以下の説明においては、前フレーム及び現フレームの２つの映像フレームから注目画素の動きベクトルを求める一般的な処理手順について説明する。
図７は、第１実施形態の並列制御記述の一例の説明図である。
図８は、現フレームにおける動きベクトルの説明図である。
図９は、前フレームにおける動きベクトルの説明図である。
まず、データ処理を行うための配列領域を確保する（ステップＳ１、Ｓ２）。
図７の例の場合、画面の解像度は、７２０×４８０ドットであり、前フレームの画素データを格納する配列mv_previousと、現フレームの画素データを格納する配列mv_currentと、の二つの配列領域（それぞれ７２０×４８０画素分）が確保されている。 Next, an operation example of the first embodiment will be described.
In the following description, a general processing procedure for obtaining a motion vector of a target pixel from two video frames of the previous frame and the current frame will be described.
FIG. 7 is an explanatory diagram of an example of the parallel control description of the first embodiment.
FIG. 8 is an explanatory diagram of motion vectors in the current frame.
FIG. 9 is an explanatory diagram of motion vectors in the previous frame.
First, an array area for performing data processing is secured (steps S1 and S2).
In the case of the example in FIG. 7, the screen resolution is 720 × 480 dots, and two array regions (array mv_previous storing pixel data of the previous frame and array mv_current storing pixel data of the current frame (respectively, each) 720 × 480 pixels) is secured.

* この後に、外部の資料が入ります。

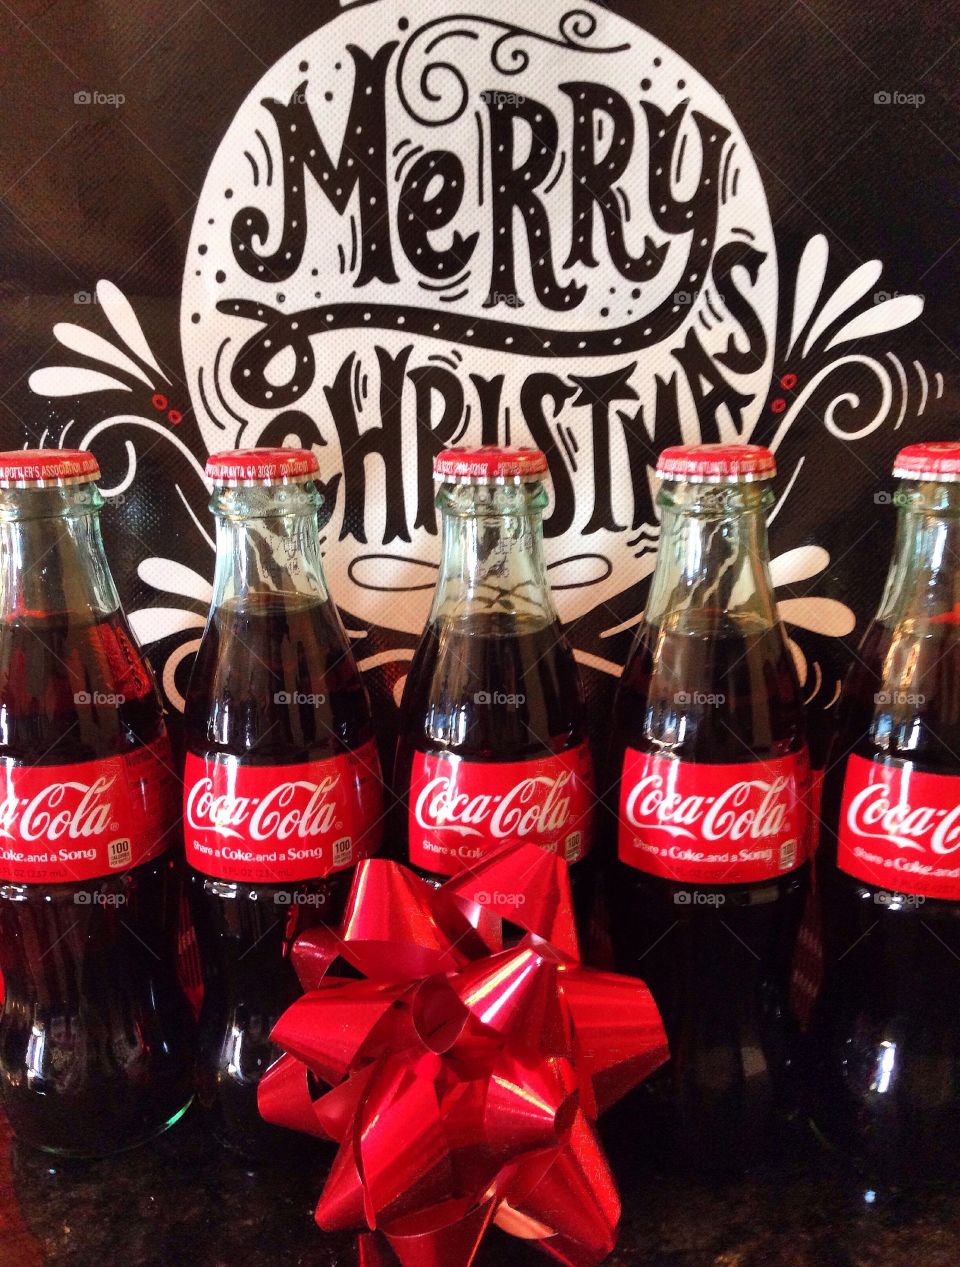 Merry Christmas from Coca-Cola!

次にこれらの配列領域に格納された画素データに基づいて、注目画素の動きベクトルを算出する（ステップＳ３）。
まず最初に空間方向の動きベクトルを探索する（ステップＳ４）。
すなわち、空間方向の動きベクトルmv_spaceは、座標(i,j)の注目画素Ｐ１に対して、上に隣接し、座標(i,j-1)に位置する画素Ｐ１１の現フレームの動きベクトルmv_current[i,j-1]と、座標(i,j)の注目画素に対して左に隣接し、座標(i-1,j)に位置する画素Ｐ１２の現フレームの動きベクトルmv_current[i-1,j]と、をパラメータとして、探索中心点の探索関数mv_searchの値を求める。 Next, based on the pixel data stored in these array regions, a motion vector of the pixel of interest is calculated (step S3).
First, a motion vector in the spatial direction is searched (step S4).
That is, the motion vector mv_space in the spatial direction is the motion vector mv_current [of the current frame of the pixel P11 that is adjacent to the top of the pixel of interest P1 at the coordinate (i, j) and is located at the coordinate (i, j-1). i, j−1] and the current frame motion vector mv_current [i−1] of the pixel P12 adjacent to the left of the pixel of interest at the coordinates (i, j) and located at the coordinates (i−1, j). j] and as parameters, the value of the search function mv_search for the search center point is obtained.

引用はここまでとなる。